In any case how long till its fixed? Every poster here should try to slip this question by the screeners or they might let us wait forever in favor if the new fee based and high def boxes.


----------



## Chris Blount (Jun 22, 2001)

the_beaver said:


> you stated that you were
> "starting to believe" it was
> buggy after your own
> experience---i interpreted
> ...


 Actually I said "starting to agree" which means I was able to personally verify what you guys have been saying. It's not that I didn't believe you in the first place.

It is interesting however that these bugs were not cought during the long beta testing process. It could be that the bugs were there and they just didn't bother to fix them due to time constraints. Who knows.


----------



## Bob Haller (Mar 24, 2002)

Chris Blount said:


> It is interesting however that these bugs were not cought during the long beta testing process. It could be that the bugs were there and they just didn't bother to fix them due to time constraints. Who knows.


Yeah it was only a year

Scott is probably the only person other than dish that knows the truth. Didnt he always say how nice and stable it was?

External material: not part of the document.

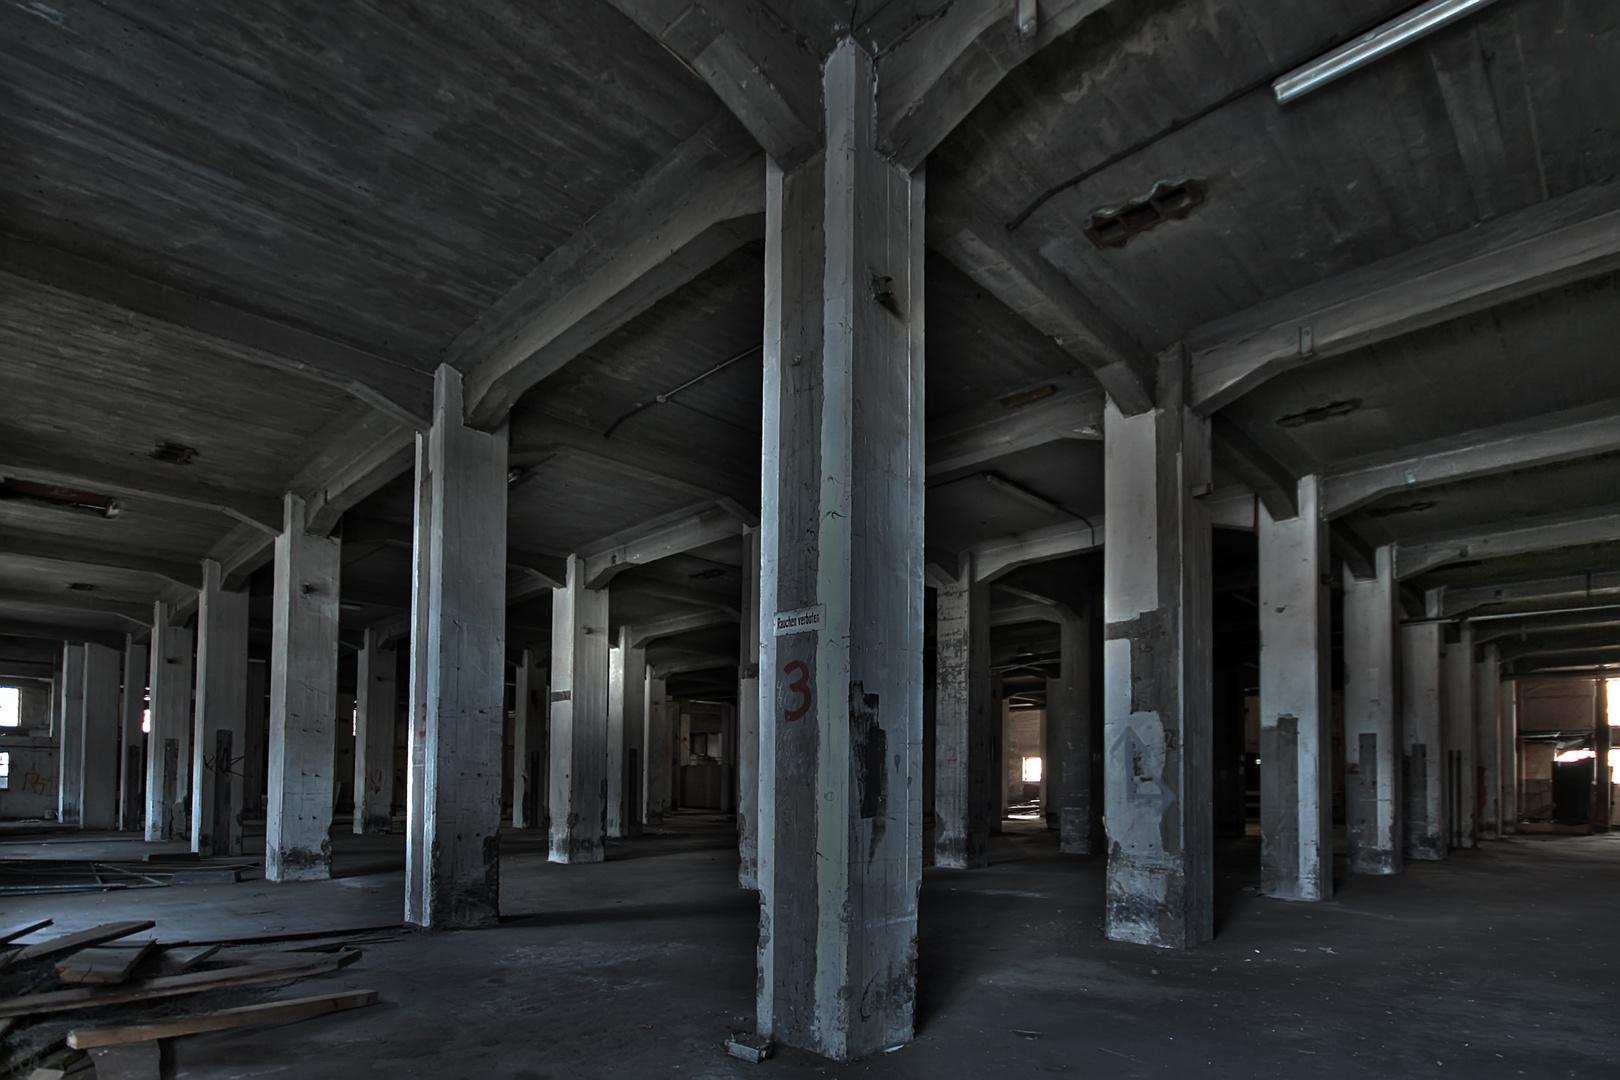 Innenhafen Duisburg Bild 4

If that was true then why release bugs???

I seriously doubt there will be any short term fixes for us. With the low number of boxes, and the demandss of relewase of all the new fee based models we are screwed.

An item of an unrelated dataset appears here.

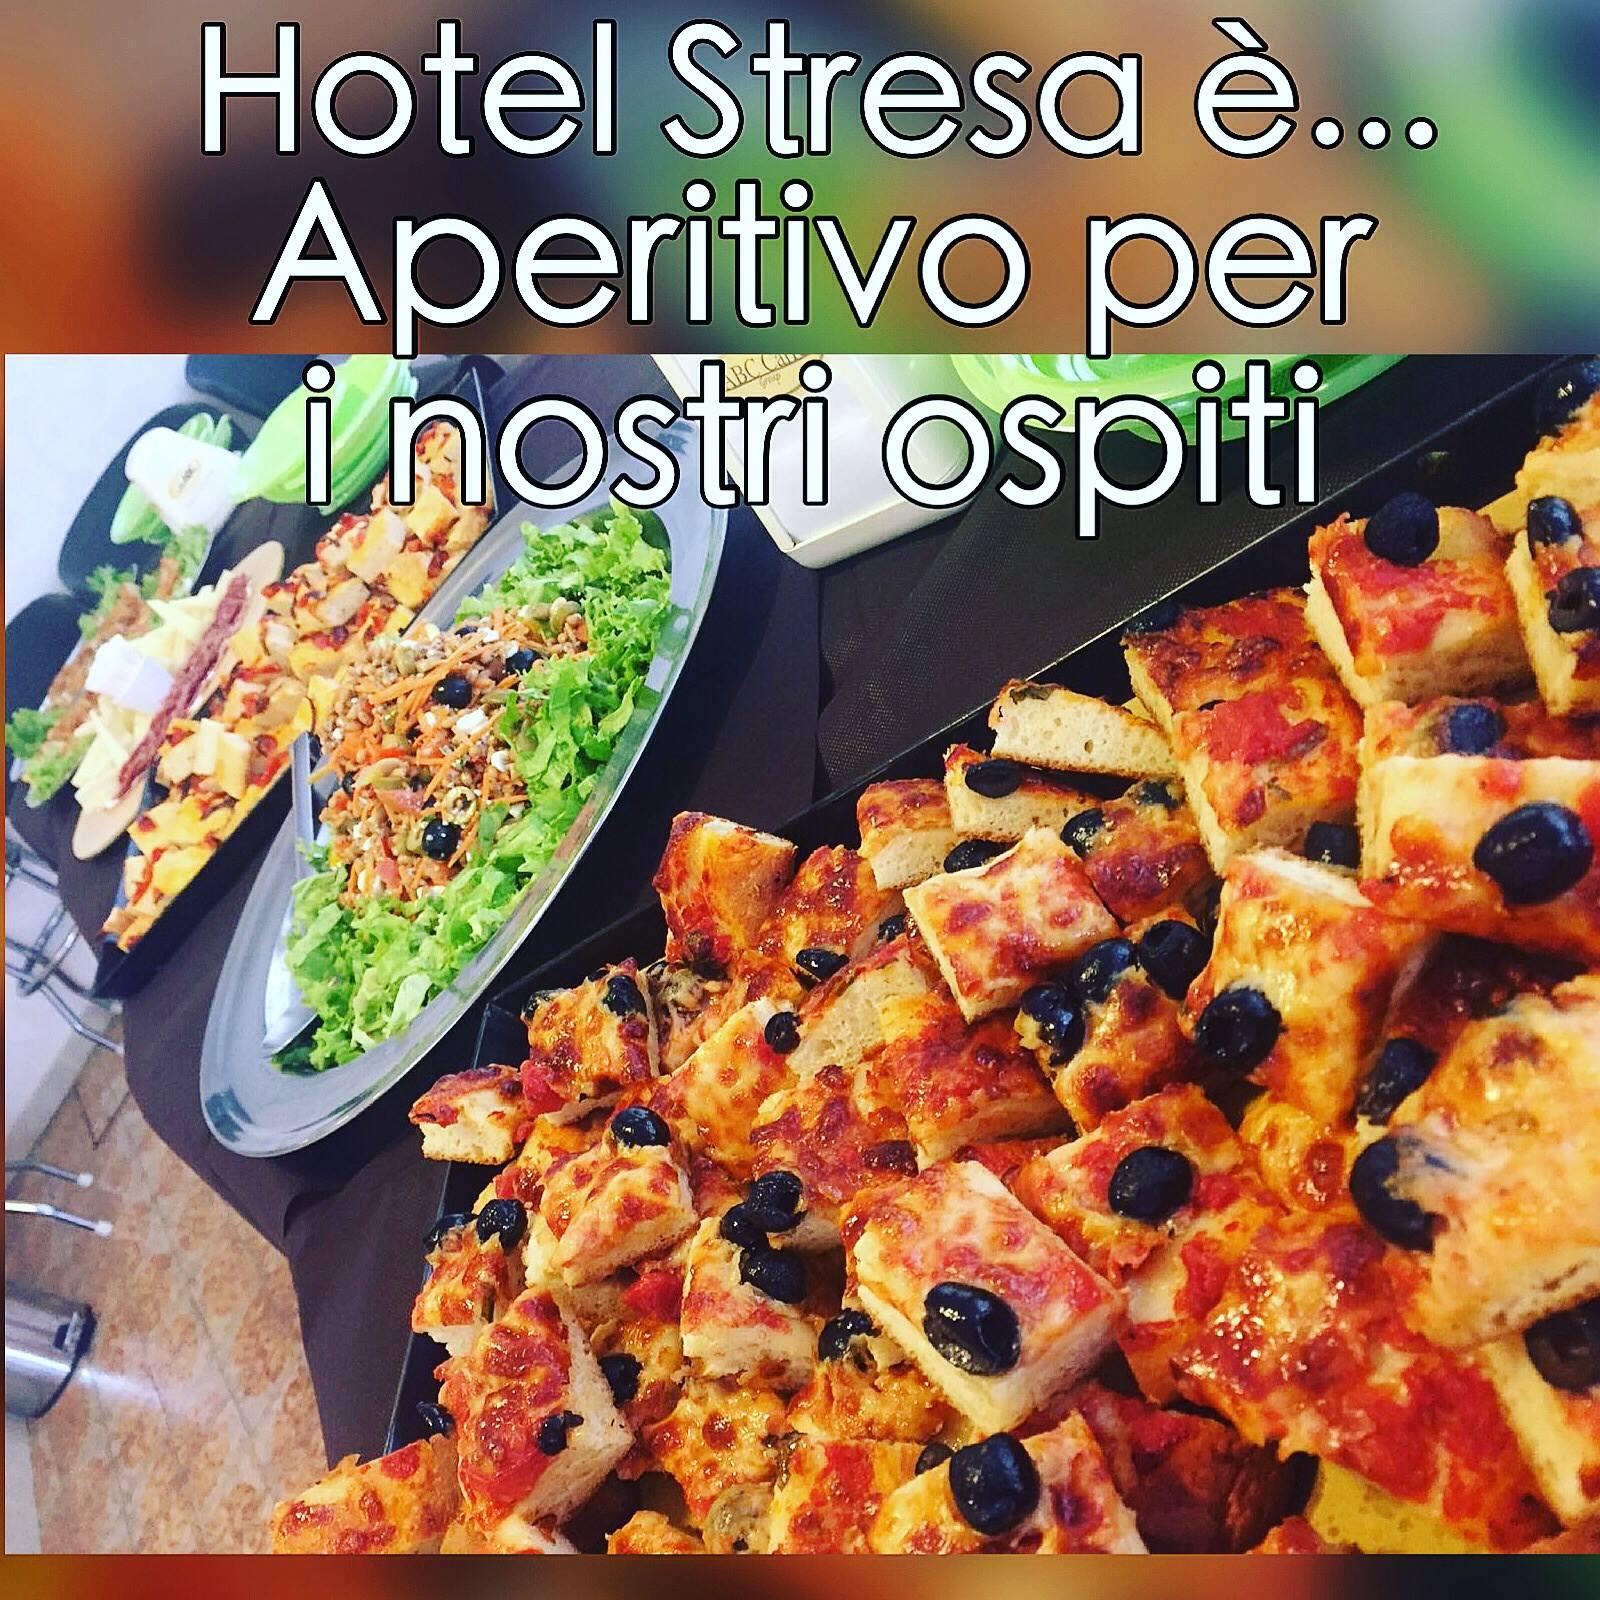 Aperitivo all'hotel Stresa di Rimini

!!!!OF COURSE I HOPE I AM WRONG!!!

All you can do is start calling dish every day If they get enough calls the costs will force them to fix it.

When calling make it a nice LONG DRAWN OUT conversation. If they track the length of 721 calls that MIGHT help. If they want to RMA your box REFUSE to pay shipping. Its their problem not ours!


----------



## Chris Blount (Jun 22, 2001)

Bob Haller said:


> All you can do is start calling dish every day If they get enough calls the costs will force them to fix it.


Nah. Not worth my time. I would much rather run to Circuit City and take the DirecTivo offer. My wife and I have been discussing that (again). The only sticky point right now is the superstations. Keeping a Dish account open just for them is a viable alternative. We'll see. The prospect of switching to DirecTV is definitely back on the table however.


----------



## Phil T (Mar 25, 2002)

Chris, I did just that yesterday after 6+ years with Dish. My local CC gave me 2 DirecTivos for $49.00 each plus $200.00 in rebates, including installation!

:joy:


----------